Considering that Kiss has not released an album of new material in over nine years, somehow I highly doubt this has anything to do with the state of fans downloading music.  Sure does make a convenient excuse though for a drying up band, doesn’t it?

There was no direct quote for his feelings on Radiohead’s decision to release In Rainbows in a method that allowed fans to name their own price, but that is where my real bone of contention is with Mr. Simmons.  According to the above linked article, he said that this move by Radiohead was contributing to the demise of the record industry, and that his band (should they ever happen to record again – ed) would never follow suit.

I feel the correct wording of this would have been, “they are contributing to the demise of the recording industry as it once was.”  This would have been more spot on, and also less obvious of someone who has tied to the status quo.  All things in the world must grow and evolve, and it is time for the recording industry and artists to accept this.

Isn’t it interesting that the biggest detractors of the industry changing are acts such as Kiss and Metallica?   Bands that have sold tens of millions of albums?  Of course they don’t want it to change, they were able to play the system to their advantage, but what about the thousands of bands and artists that don’t have that luxury?  The bands that are getting no promotion from their labels, that still travel from gig to gig in a beat up van, lugging their own equipment around instead of an army of roadies?

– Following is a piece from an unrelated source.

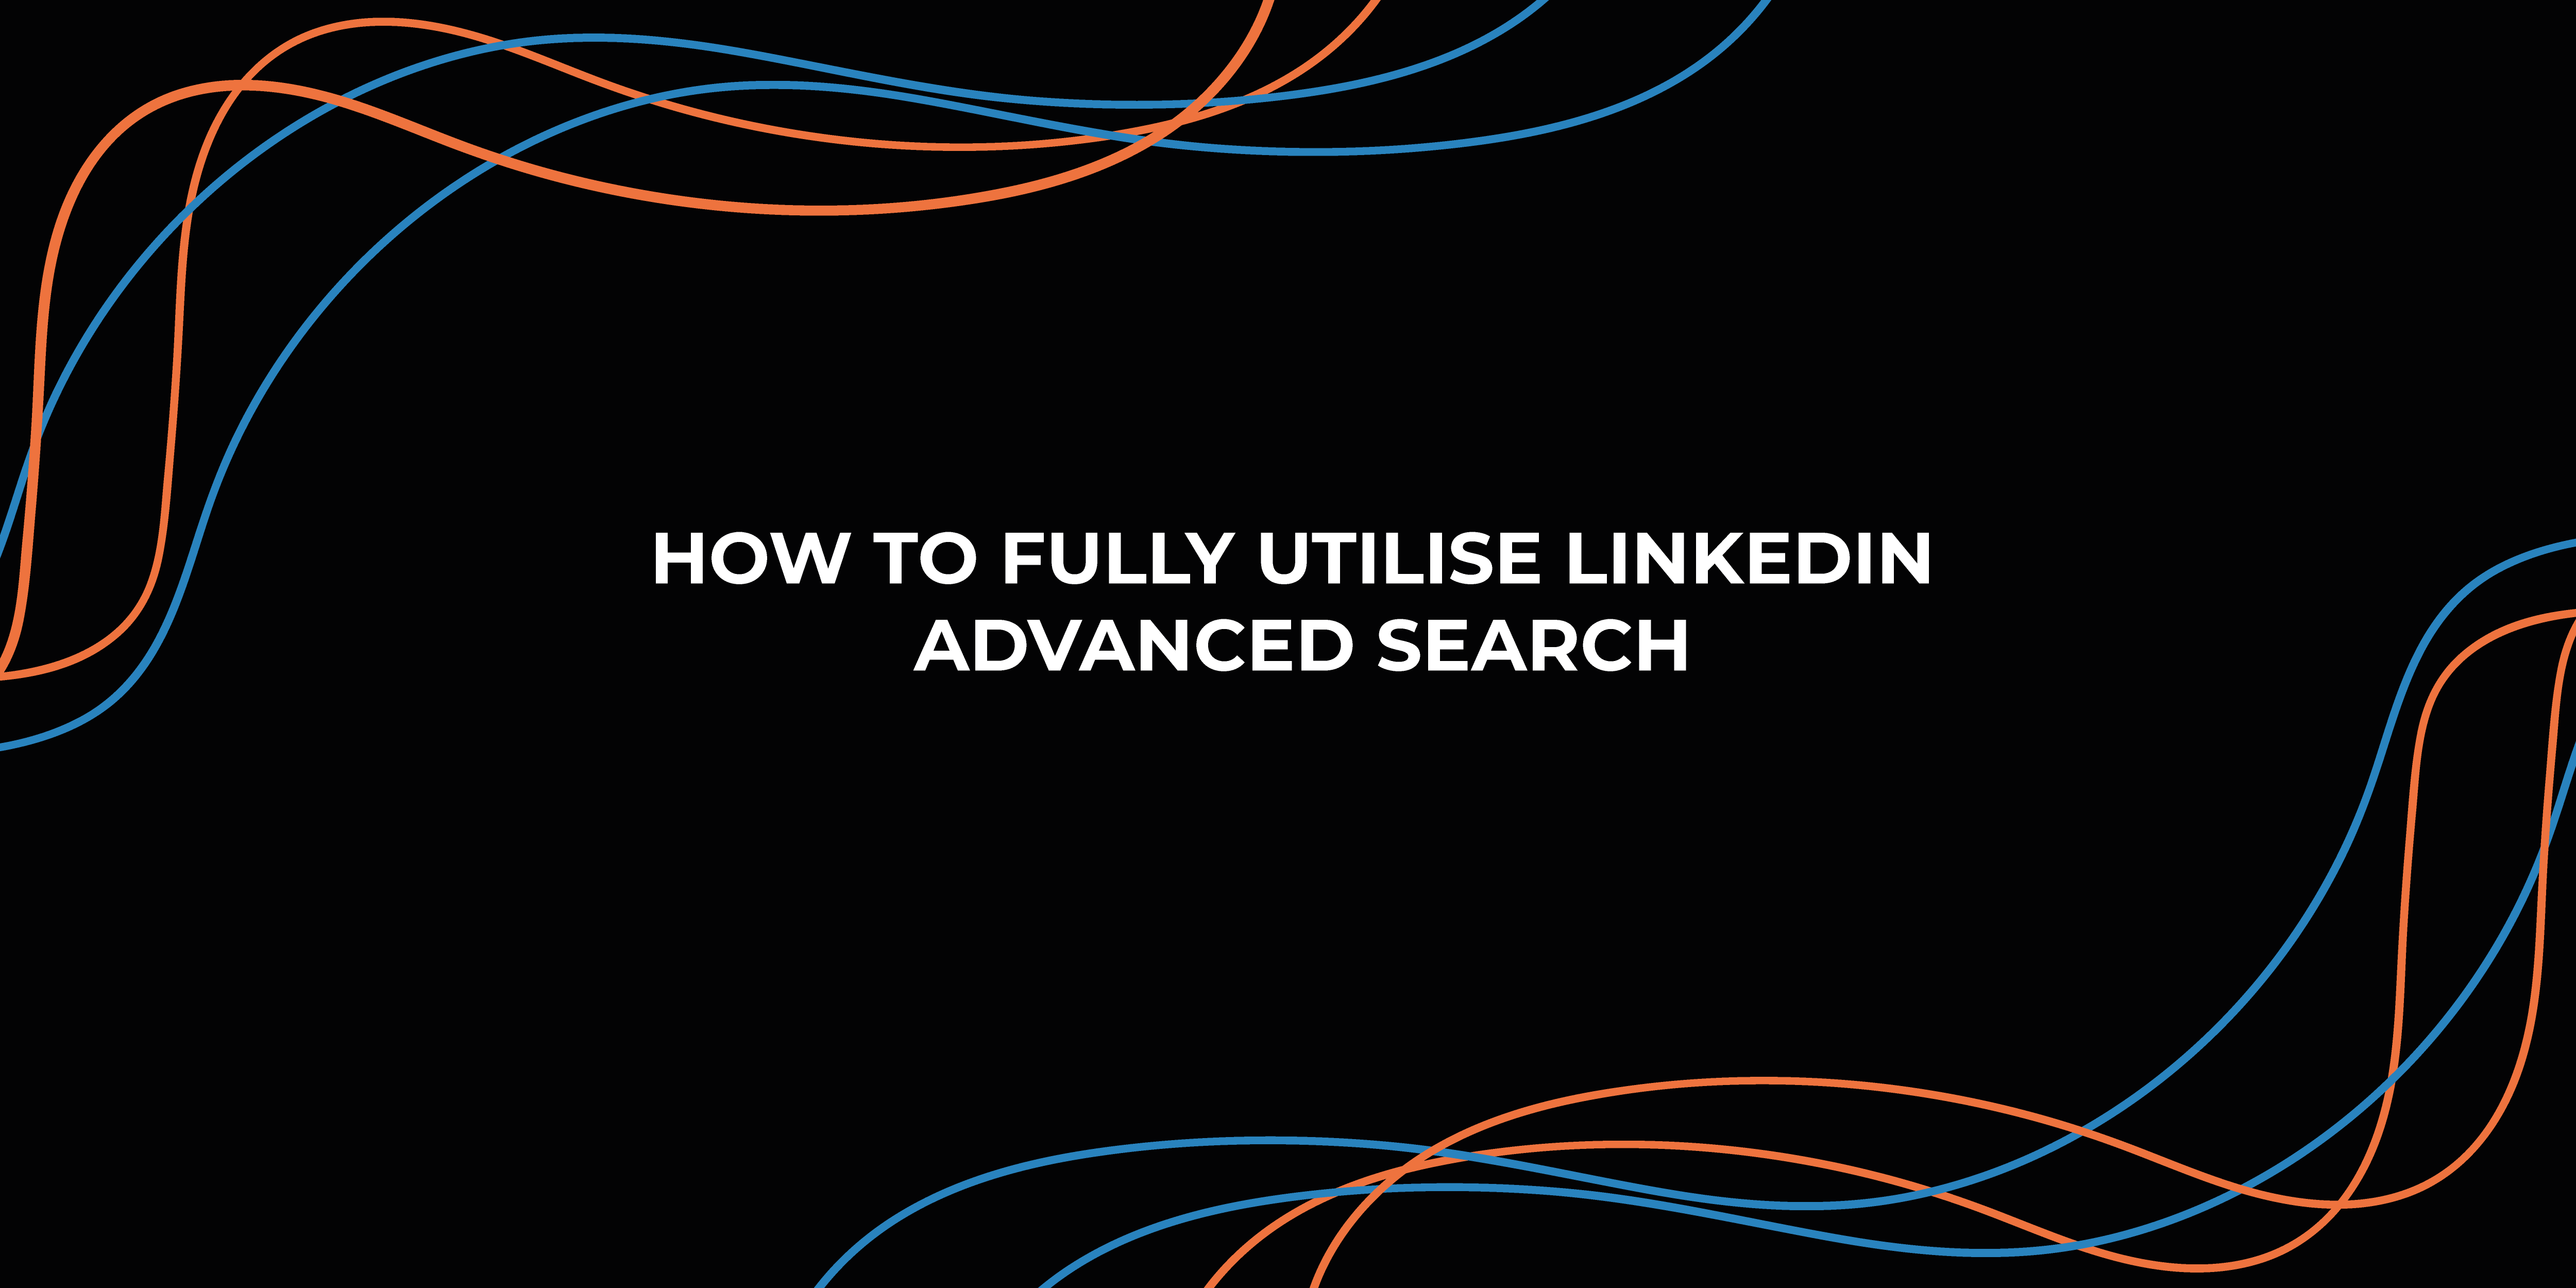 How to Fully Utilise LinkedIn Advanced Search

Bands such as these two were once those guys, but they came in to the industry when there were less acts, and it was easier to get promotion.  There are far more acts out there nowadays, and they aren’t getting backing from their labels unless they get a huge hit, so it is up to them to promote themselves as best they can.   Yes, bands such as Radiohead and Nine Inch Nails are successes, and they have followed this model because they see the writing on the wall.  They can either embrace the fans in the place they are most comfortable, or they can hold on to the outdated, broken method of recording and distribution and earn nothing as they do truly turn to piracy.

radiohead thomWhat these bands has done is tell their fans they understand them and their desires, and under the current recording contracts, they truly aren’t losing much by giving their albums away because they are making up for it in goodwill.  These people will feel warmer feelings towards their favorite band, new fans will be introduced because they can try their musif for free in by a legal means, and really diehard fans wills till purchase the eventual commerical releases or the special gift packs they come out with.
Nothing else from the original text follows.